Pakistan is rated at single B, five levels below investment grade, while Sri Lanka is two grades worse at CCC. Both countries are forecast to see inflation spike to hit around 10% this year, with the war sending the cost of oil soaring above $100 a barrel and wheat futures to a record.

“Single B is vulnerable — they are weak fundamentally so people would sell them first when they feel fear,” said Carl Wong, head of fixed income at Avenue Asset Management in Hong Kong. The Federal Reserve, which kicked off a US rate hiking cycle Wednesday, is also causing “a valuation reset” in emerging-market debt, he said.

The countries with potentially the most still to lose are those that benefit from Russian and Ukrainian visitors as well as goods. That could be a longer term problem facing the likes of Egypt and Turkey, whose biggest trade partners include Russia.

While not at distressed levels, Turkey’s local bonds had the worst loss among emerging markets since February 21 and the lira has slid around 10% this year, more than the Ukrainian currency. Its current-account deficit is at a five-year high, and credit swaps protecting against default are the most costly since the global financial crisis. 

“Turkey is set to bear the biggest impact from third countries for the war,” said Tim Ash, an emerging-markets strategist at BlueBay Asset Management in London. “Higher energy and food prices and the loss in tourism revenues will make already bad balance of payments and inflation problems much worse and in fact unsustainable. It is indeed hard to see Turkey avoiding a balance of payments crisis now without outside help.”
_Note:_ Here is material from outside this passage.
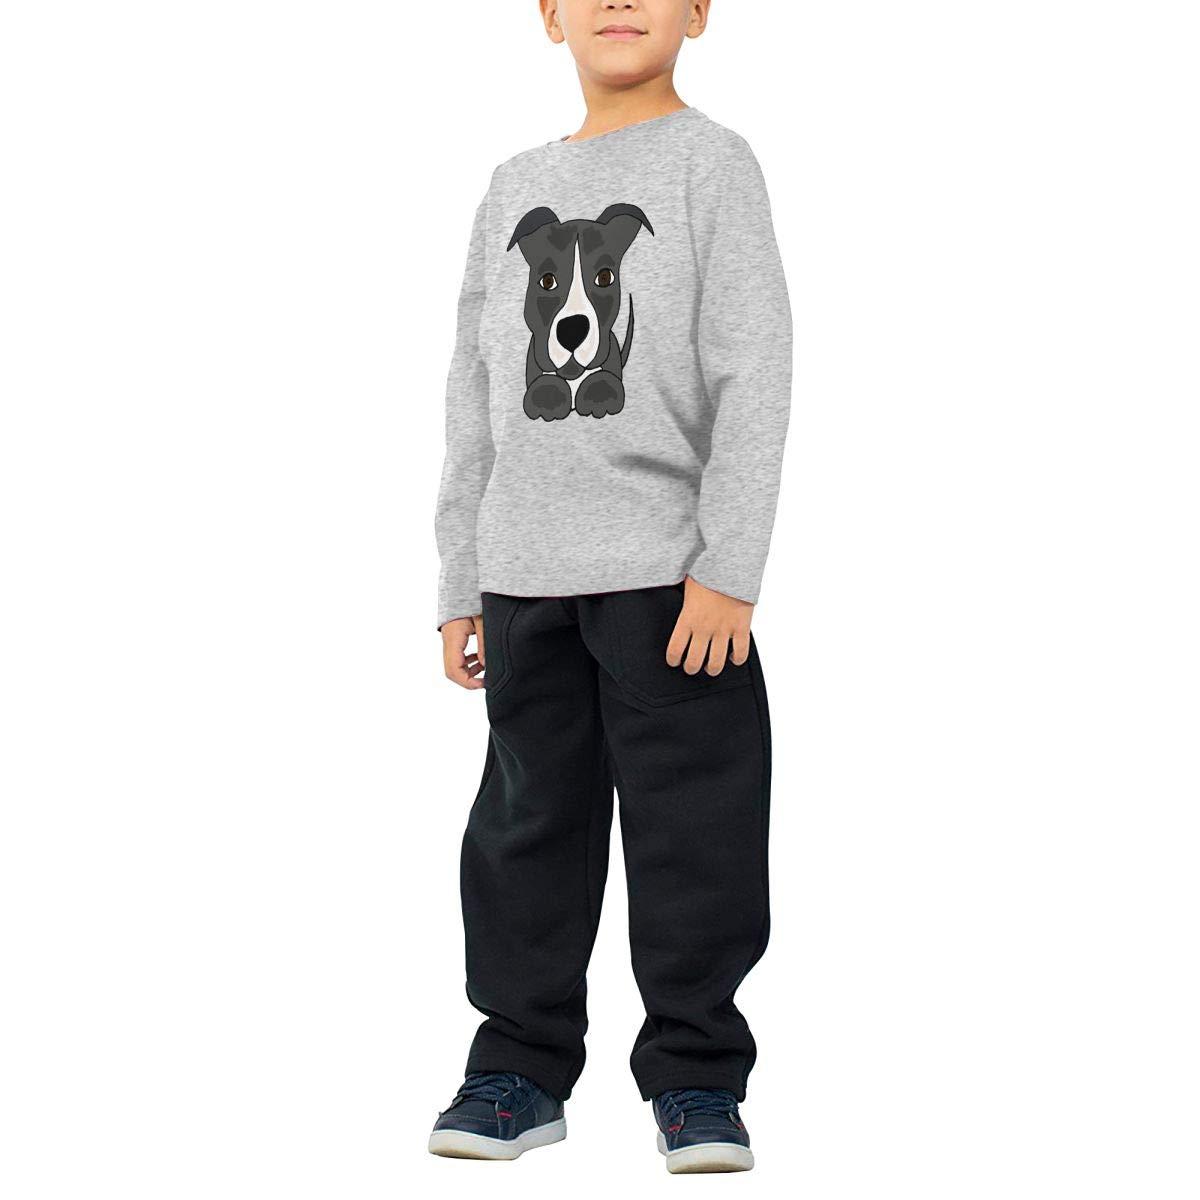 SKYAKLJA Cute Pitbull Puppy Dog Childrens Gray Cotton Long Sleeve Round Neck T Shirt for Boy Or Girl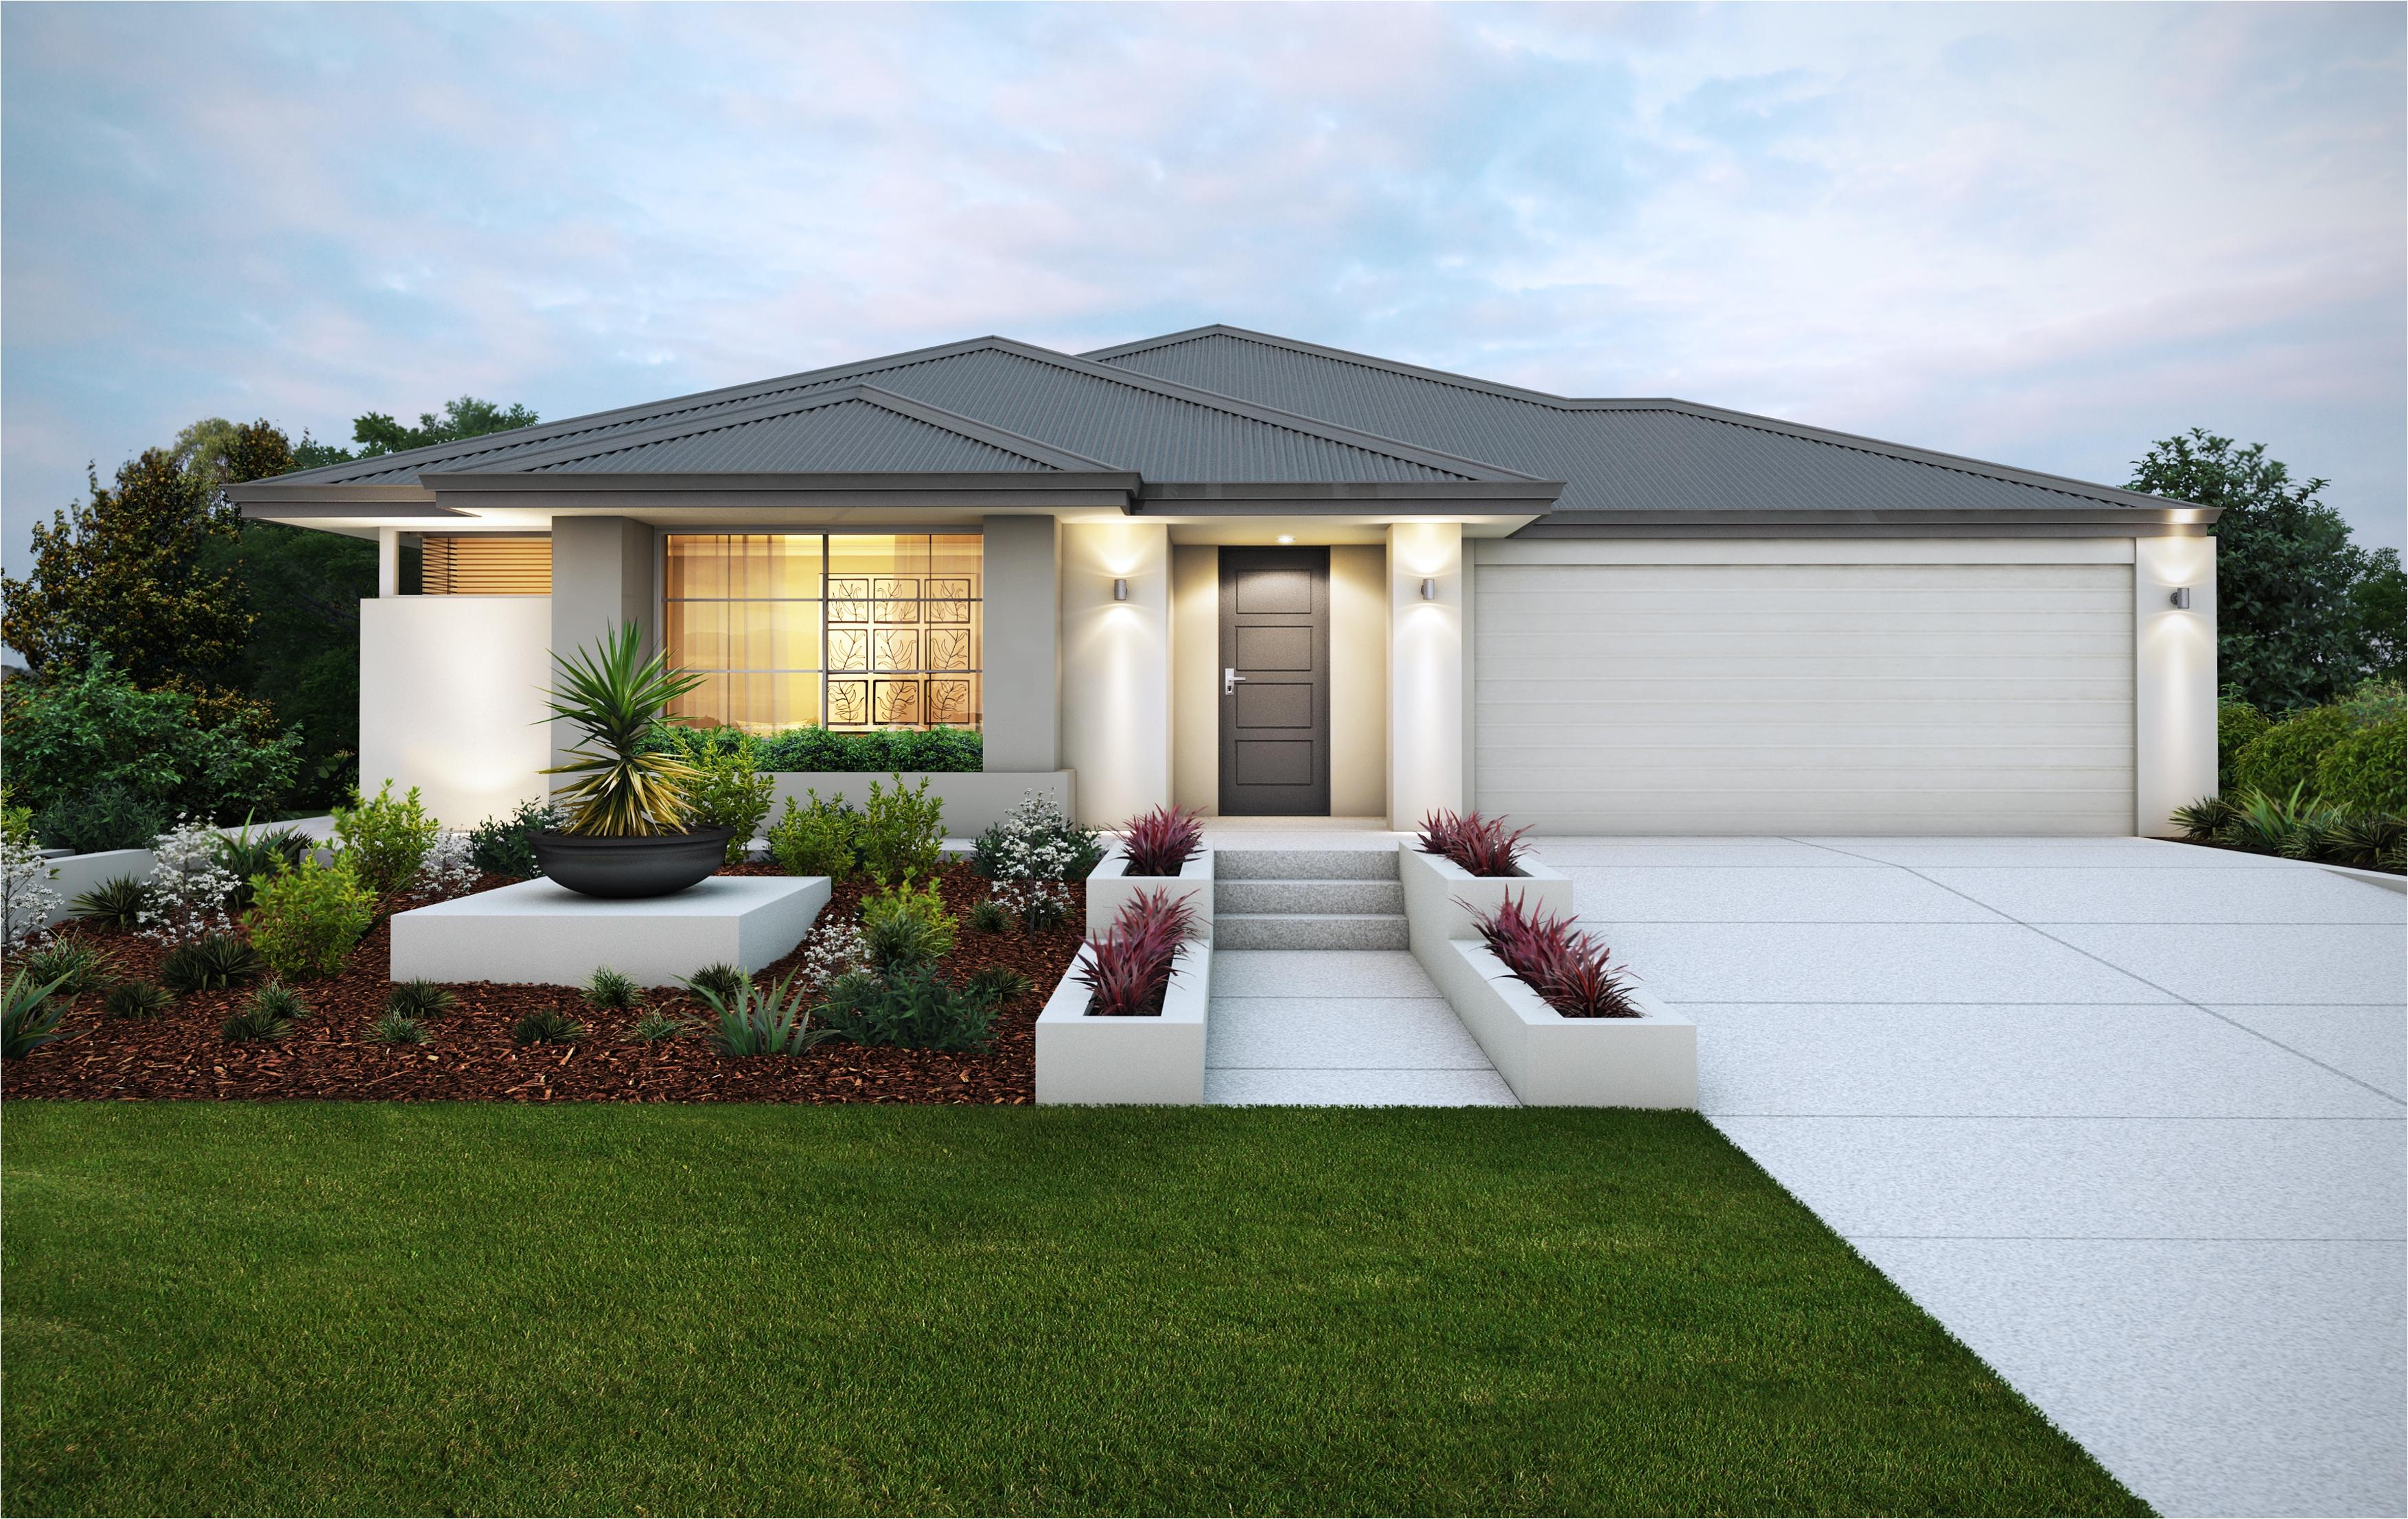 house designs under 200 000 ipeficom house plans under 200 000 dollars

For Egypt, around 6.6% of its exports go to Ukraine and Russia, while it receives 40% of its tourists from the two countries. That will make it among the most affected, according to Standard Bank, Africa’s largest lender by assets. The crisis will also aggravate Egypt’s vulnerability to foreigners selling bonds, Fitch said.

The country is already in talks with the IMF on possible support that could include a loan, according to people familiar with the matter. The risk premium on Egypt’s debt hit a record 1040 basis points this month, according to a JPMorgan Chase index. 

Energy Plays

It’s not all bad news for emerging-market debt investors. The bonds of commodity producers have rallied in the past month thanks to the surge in energy prices, with Angola and SA topping the list of winners. The debt of junk-rated Middle Eastern oil producers Oman and Bahrain followed.

Latin America has fewer direct links to Russia and Eastern Europe, and in some ways also stands to benefit from the surging commodity and food prices spurred by the crisis. 

Still, a big hit to global economic growth could exacerbate hardships already felt in the region, which suffered a series of government defaults during the pandemic. While bigger economies such as Argentina were already in trouble before the virus, tourism-dependent nations such as Belize stood little chance of meeting debt obligations. 

“It is going to be very difficult for some emerging markets,” said Charles Robertson, global chief economist at Renaissance Capital. “Overall, this is bad for Asia, good for Latin America and good for oil exporters within Africa and the Middle East, and unsurprisingly bad for tourism destinations, oil and food importers.”